TASK BRIEF
Beginning at the line that contains "Valentino Padded Camouflage", reproduce the entries below exactly, ending with the line that contains "adidas EQT Support 93/16 White - S79921 US". Omit each picture.

TASK MATERIAL
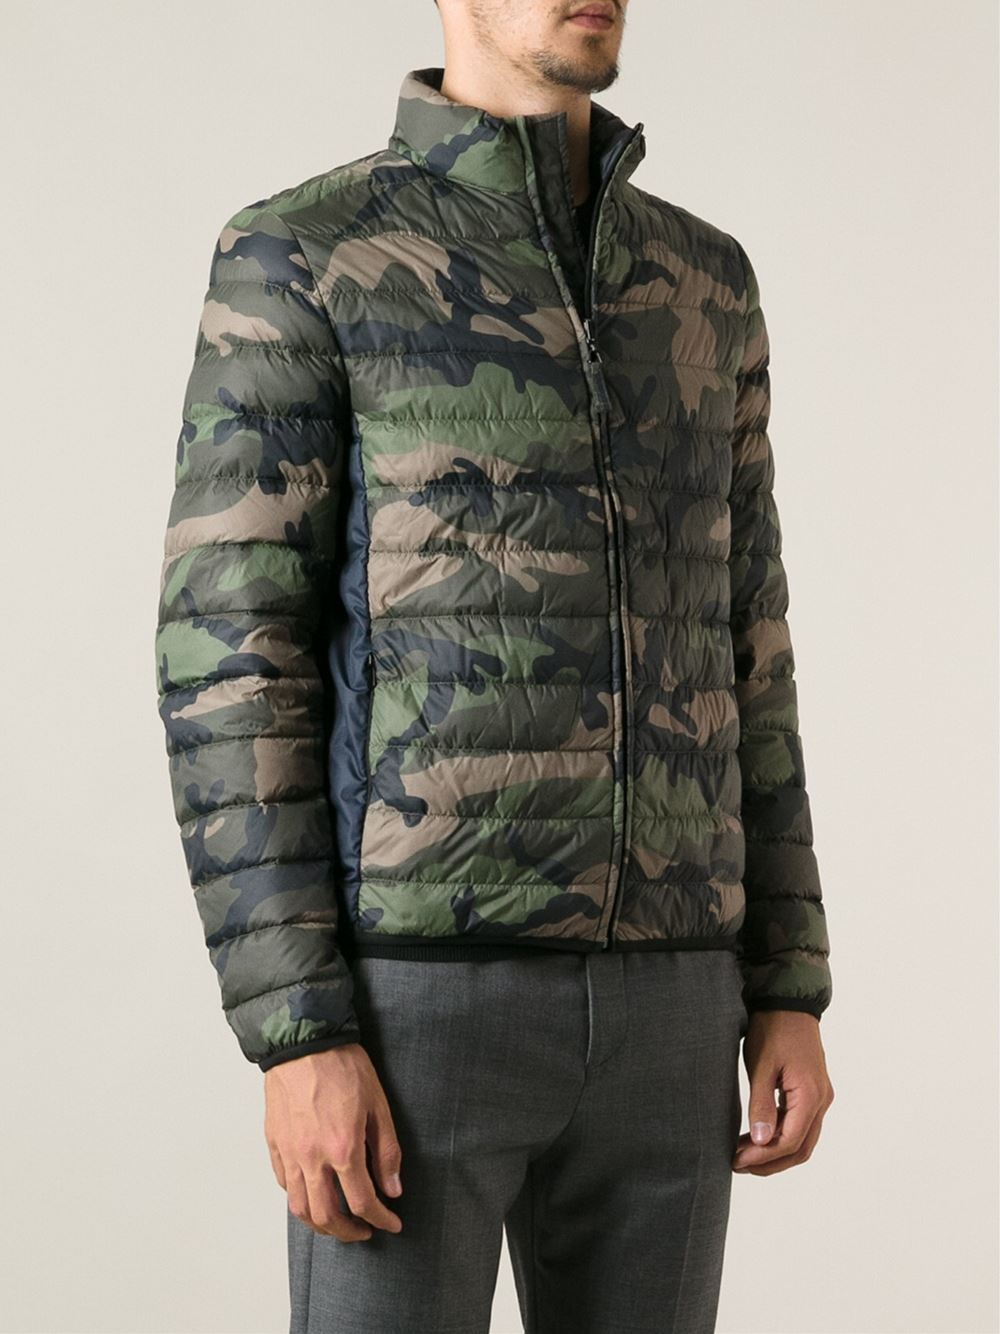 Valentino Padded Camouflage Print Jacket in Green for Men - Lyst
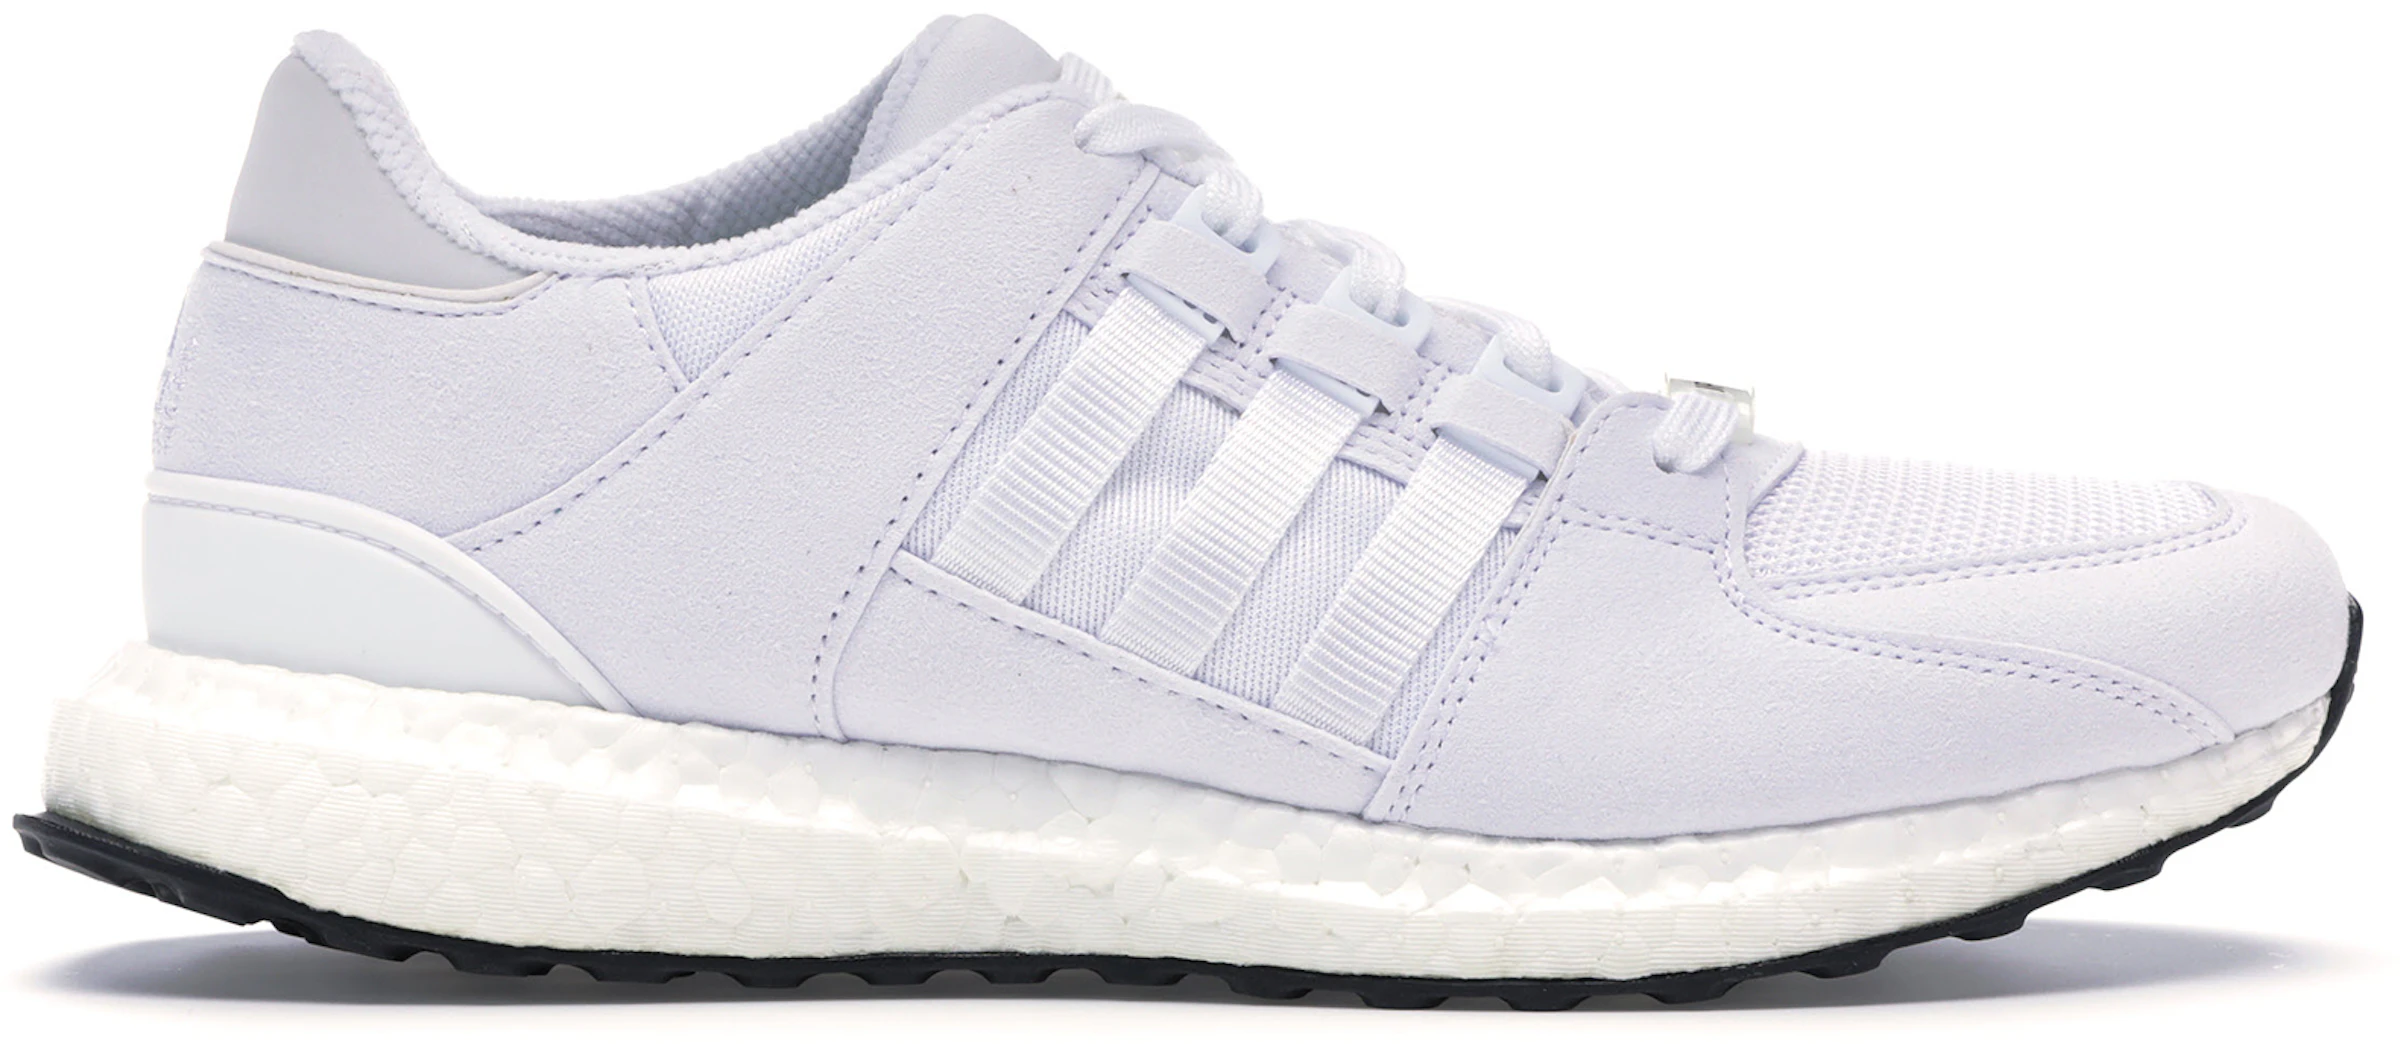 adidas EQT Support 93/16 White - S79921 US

---

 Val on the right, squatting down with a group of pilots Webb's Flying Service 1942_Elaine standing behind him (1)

TASK SOLUTION
 Valentino Padded Camouflage Print Jacket in Green for Men - Lyst
 adidas EQT Support 93/16 White - S79921 US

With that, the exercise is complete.